The complexed structure and antimicrobial activity of a non‐β‐lactam inhibitor of AmpC β‐lactamase

β‐Lactamases are the major resistance mechanism to β‐lactam antibiotics and pose a growing threat to public health. Recently, bacteria have become resistant to β‐lactamase inhibitors, making this problem pressing. In an effort to overcome this resistance, non‐β‐lactam inhibitors of β‐lactamases were investigated for complementarity to the structure of AmpC β‐lactamase from Escherichia coli . This led to the discovery of an inhibitor, benzo (b)thiophene‐2‐boronic acid (BZBTH2B), which inhibited AmpC with a K i t of 27 nM. This inhibitor is chemically dissimilar to β‐lactams, raising the question of what specific interactions are responsible for its activity. To answer this question, the X‐ray crystallographic structure of BZBTH2B in complex with AmpC was determined to 2.25 Å resolution. The structure reveals several unexpected interactions. The inhibitor appears to complement the conserved, R1‐amide binding region of AmpC, despite lacking an amide group. Interactions between one of the boronic acid oxygen atoms, Tyr150, and an ordered water molecule suggest a mechanism for acid/base catalysis and a direction for hydrolytic attack in the enzyme catalyzed reaction. To investigate how a non‐β‐lactam inhibitor would perform against resistant bacteria, BZBTH2B was tested in antimicrobial assays. BZBTH2B significantly potentiated the activity of a third‐generation cephalosporin against AmpC‐producing resistant bacteria.
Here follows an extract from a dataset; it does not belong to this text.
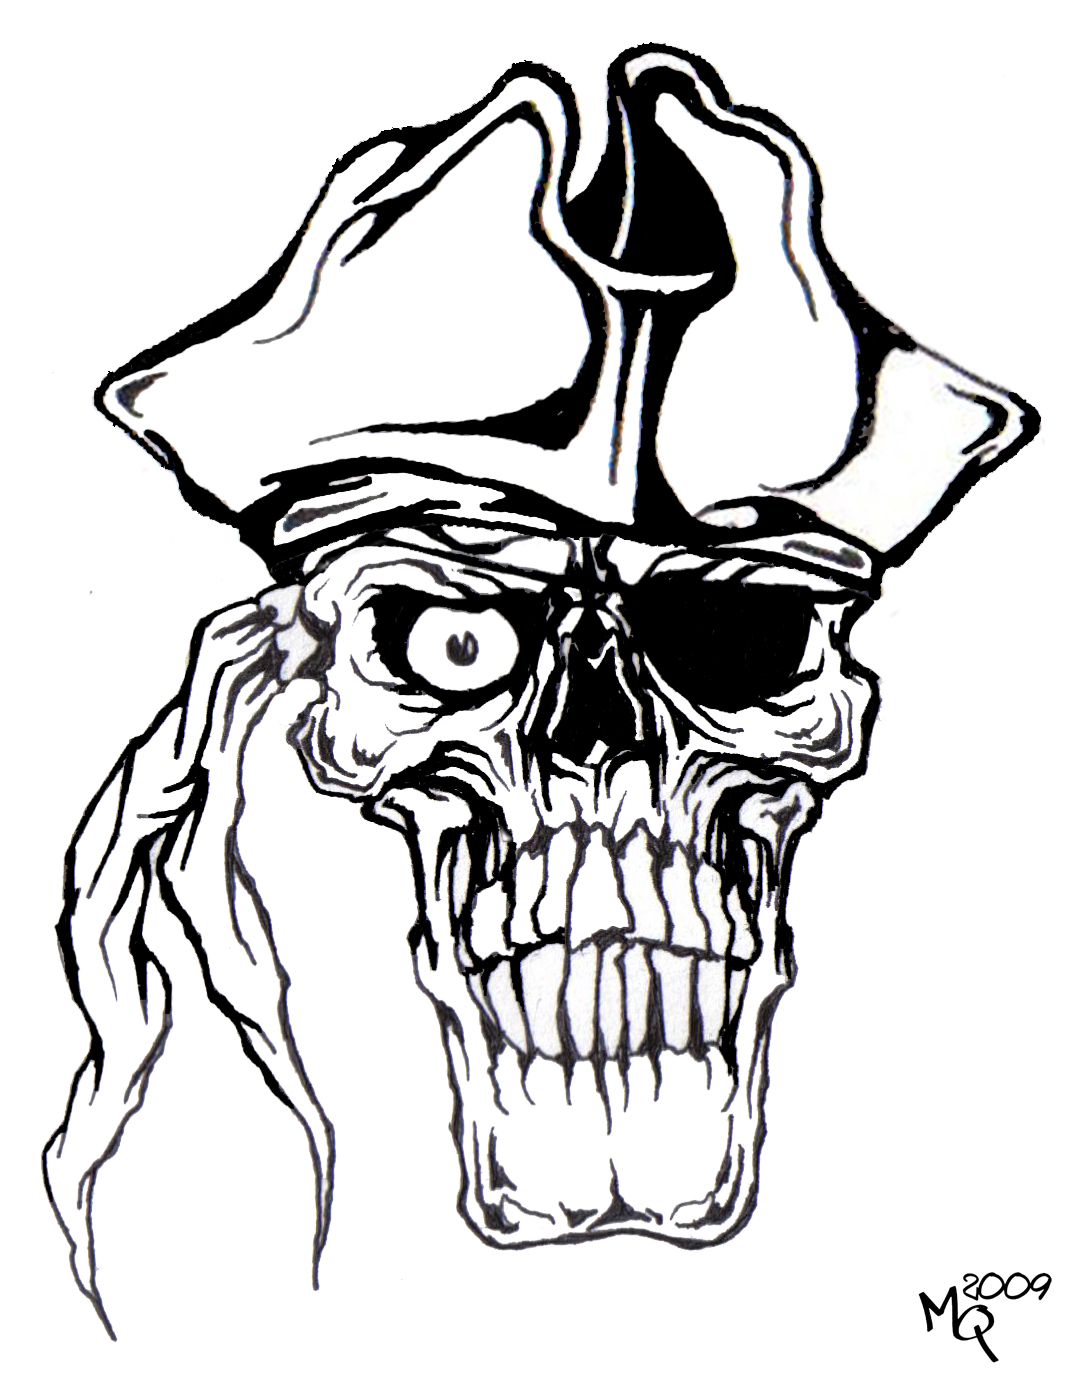 Pirate Skull 2 by QUINTdesigns on DeviantArt

This inhibitor was unaffected by two common resistance mechanisms that often arise against β‐lactams in conjunction with β‐lactamases. Porin channel mutations did not decrease the efficacy of BZBTH2B against cells expressing AmpC. Also, this inhibitor did not induce expression of AmpC, a problem with many β‐lactams. The structure of the BZBTH2B/AmpC complex provides a starting point for the structure‐based elaboration of this class of non‐β‐lactam inhibitors.